The objective of surgical management is to ameliorate symptoms in a conservative manner, by excision or cytoreduction of adenomyotic lesions, while preserving, even improving, fertility.3,11,31 The choice of procedure depends, ultimately, on the location and extent of disease, the patient’s desire for uterine preservation and fertility, and surgical skill.3
Historically, hysterectomy was used to treat adenomyosis; for patients declining fertility preservation, hysterectomy remains the definitive treatment. Since the early 1950s, several techniques for laparotomic reduction have been developed. Surgeries that achieve partial reduction include:
Wedge resection of the uterine wall entails removal of the seromuscular layer at the identified location of adenomyotic tissue, with subsequent repair of the remaining muscular and serosal layers surrounding the wound.3,32 Because adenomyotic tissue can remain on either side of the incision in wedge resection, clinical improvement in symptoms of dysmenorrhea and menorrhagia are modest, and recurrence is possible.7
Modified reduction surgery. Modifications of reduction surgery include slicing adenomyotic tissue using microsurgery and partial excision.33
Transverse-H incision of the uterine wall involves a transverse incision on the uterine fundus, separating serosa and myometrium, followed by removal of diseased tissue using an electrosurgical scalpel or scissors. Tensionless suturing is used to close the myometrial layers in 1 or 2 layers to establish hemostasis and close the defect; serosal flaps are closed with subserosal interrupted sutures.34 Data show that, following surgery with this technique, 21.4% to 38.7% of patients who attempt conception achieve clinical pregnancy.7
Complete, conservative resection in cases of diffuse and focal adenomyosis is possible using the triple-flap method, in which total resection is achieved by removing diseased myometrium until healthy, soft tissue—with normal texture, color, and vascularity—is reached.2 Repair with this technique reduces the risk of uterine rupture by reconstructing the uterine wall using a muscle flap prepared by metroplasty.7 In a study of 64 women who underwent triple-flap resection, a clinical pregnancy rate of 74% and a live birth rate of 52% were reported.7
Minimally invasive approaches. Although several techniques have been developed for focal excision of adenomyosis by laparotomy,7 the trend has been toward minimally invasive surgery, which reduces estimated blood loss, decreases length of stay, and reduces adhesion formation—all without a statistically significant difference in long-term clinical outcomes, compared to other techniques.35-39 Furthermore, enhanced visualization of pelvic organs provided by laparoscopy is vital in the case of adenomyosis.3,31
How our group approaches surgical management. A challenge in laparoscopic surgery of adenomyosis is extraction of an extensive amount of diseased tissue. In 1994, our group described the use of simultaneous operative laparoscopy and minilaparotomy technique as an effective and safe alternative to laparotomy in the treatment of myomectomy6; the surgical principles of that approach are applied to adenomyomectomy. The technique involves treatment of pelvic pathology with laparoscopy, removal of tissue through the minilaparotomy incision, and repair of the uterine wall defect in layers.

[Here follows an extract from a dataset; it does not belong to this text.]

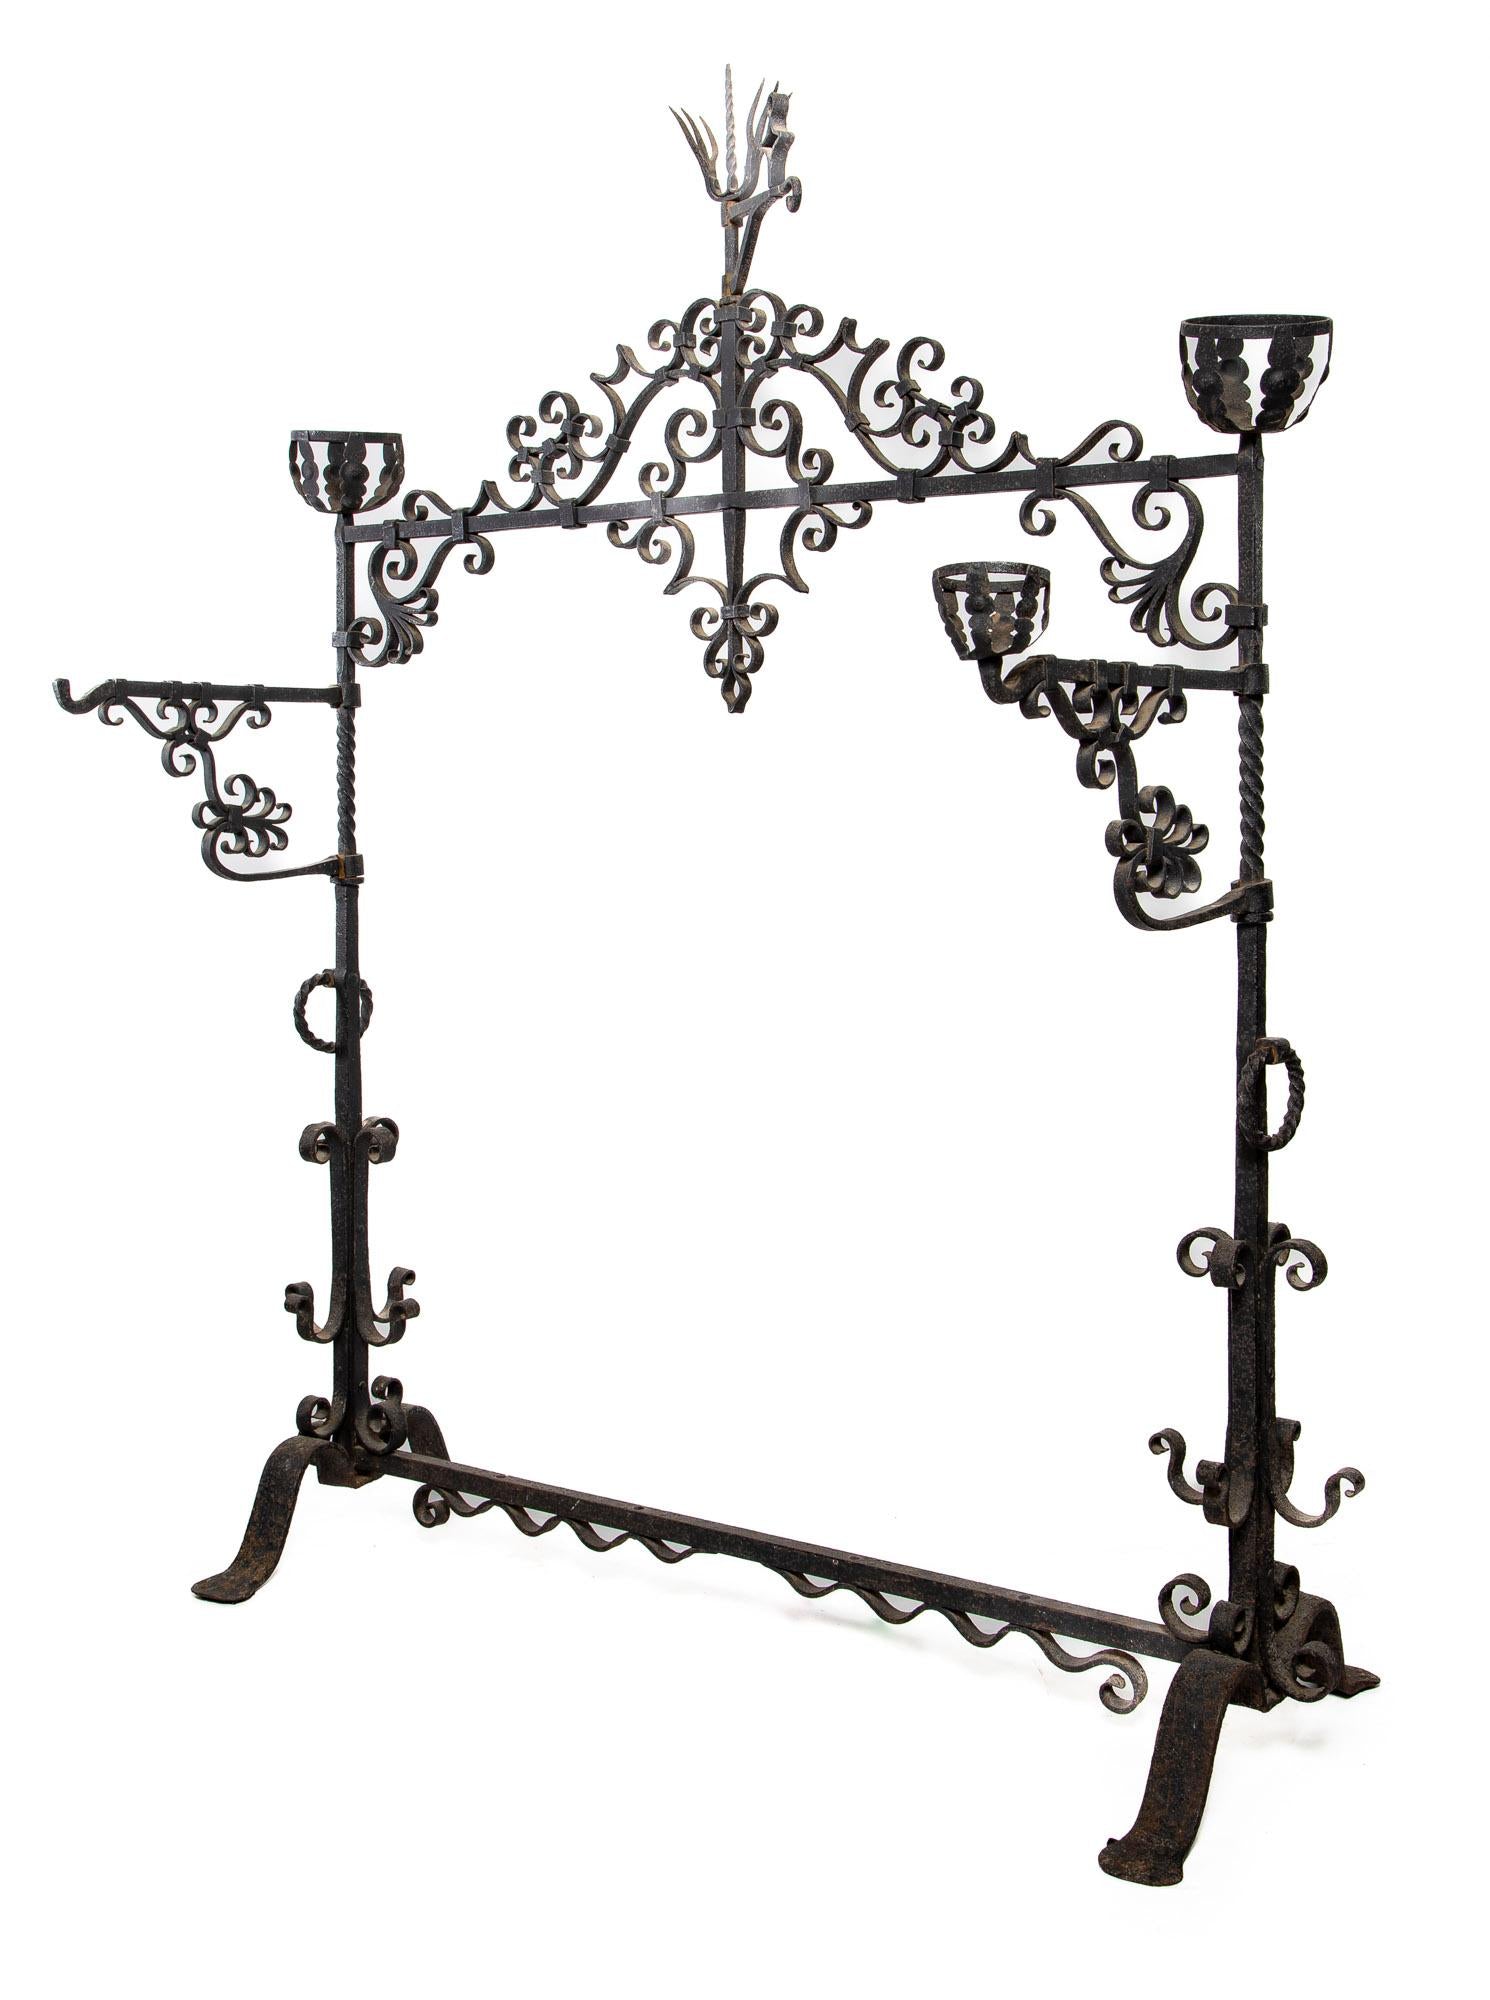 An 18th Century Spanish wrought iron Eclesiastical Candlestand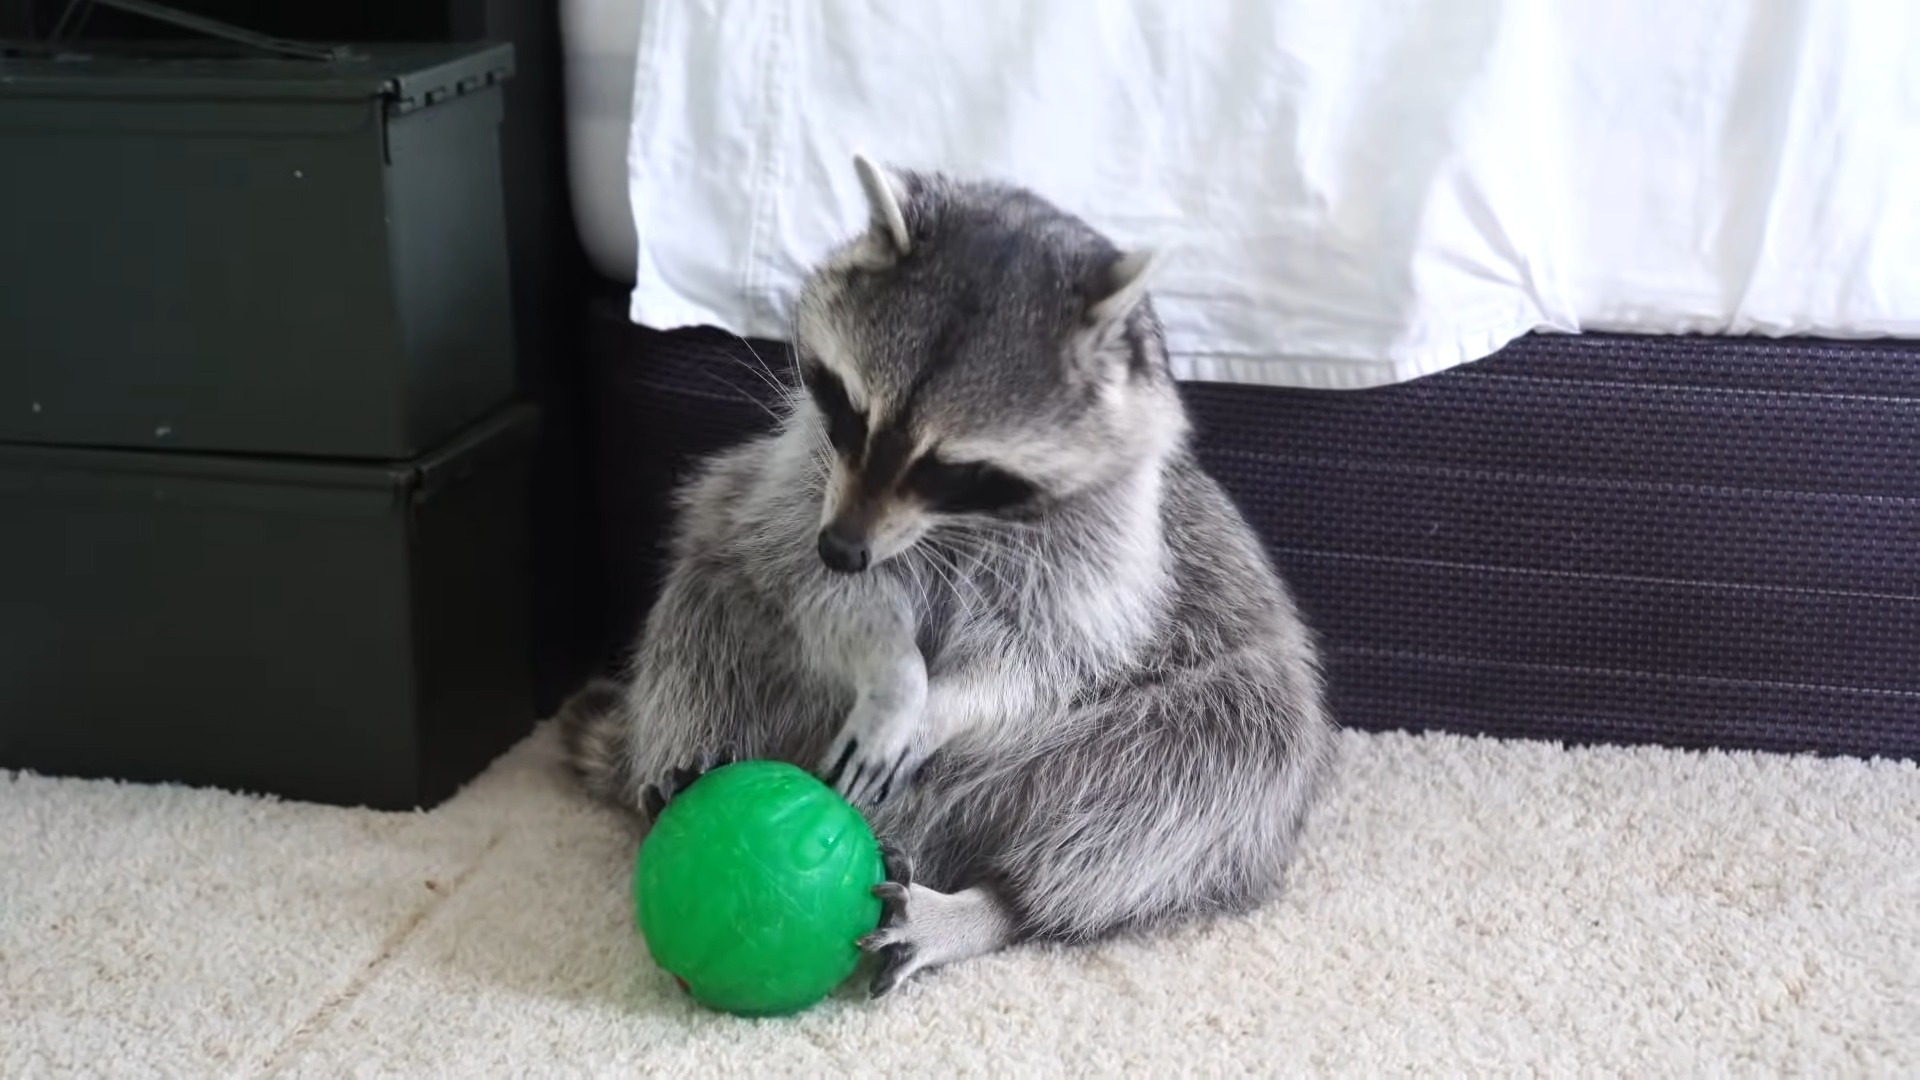 Raccoon playing with the ball

How adenomyosis originates is not fully understood. Several theories have been proposed, however (including, more prominently, the first 2 below):
Invasion theory. The endometrial basalis layer invaginates and invades the myometrium1,2 (FIGURE); the etiology of invagination remains unknown.
Reaction theory. Myometrial weakness or dysfunction, brought on by trauma from previous uterine surgery or pregnancy, could predispose uterine musculature to deep invasion.3
Metaplasia theory. Adenomyosis is a result of metaplasia of pluripotent Müllerian rests.
Müllerian remnant theory. Related to the Müllerian metaplasia theory, adenomyosis is formed de novo from 1) adult stem cells located in the endometrial basalis that is involved in the cyclic regeneration of the endometrium4-6 or 2) adult stem cells displaced from bone marrow.7,8
Once adenomyosis is established, it is thought to progress by epithelial–mesenchymal transition,2 a process by which epithelial cells become highly motile mesenchymal cells that are capable of migration and invasion, due to loss of cell–cell adhesion properties.9
- Struble J, Reid S, Bedaiwy MA. Adenomyosis: a clinical review of a challenging gynecologic condition. J Minim Invasive Gynecol.2016; 23:164-185.
- García-Solares J, Donnez J, Donnez O, et al. Pathogenesis of uterine adenomyosis: invagination or metaplasia? Fertil Steril.2018;109:371-379.
- Ferenczy A. Pathophysiology of adenomyosis. Hum Reprod Update. 1998;4:312-322.
- Gargett CE. Uterine stem cells: what is the evidence? Hum Reprod Update. 2007;13:87-101.
- Chan RW, Schwab KE, Gargett CE. Clonogenicity of human endometrial epithelial and stromal cells. Biol Reprod. 2004;70:1738-1750.
- Schwab KE, Chan RWS, Gargett CE. Putative stem cell activity of human endometrial epithelial and stromal cells during the menstrual cycle. Fertil Steril. 2005;84(Suppl 2):1124-1130.
- Sasson IE, Taylor HS. Stem cells and the pathogenesis of endometriosis. Ann N Y Acad Sci. 2008;1127:106-115.
- Du H, Taylor HS. Stem cells and female reproduction. Reprod Sci. 2009;16:126-139.
- Acloque H, Adams MS, Fishwick K, et al. Epithelial-mesenchymal transitions: the importance of changing cell state in development and disease. J Clin Invest. 2009;119:1438-1449.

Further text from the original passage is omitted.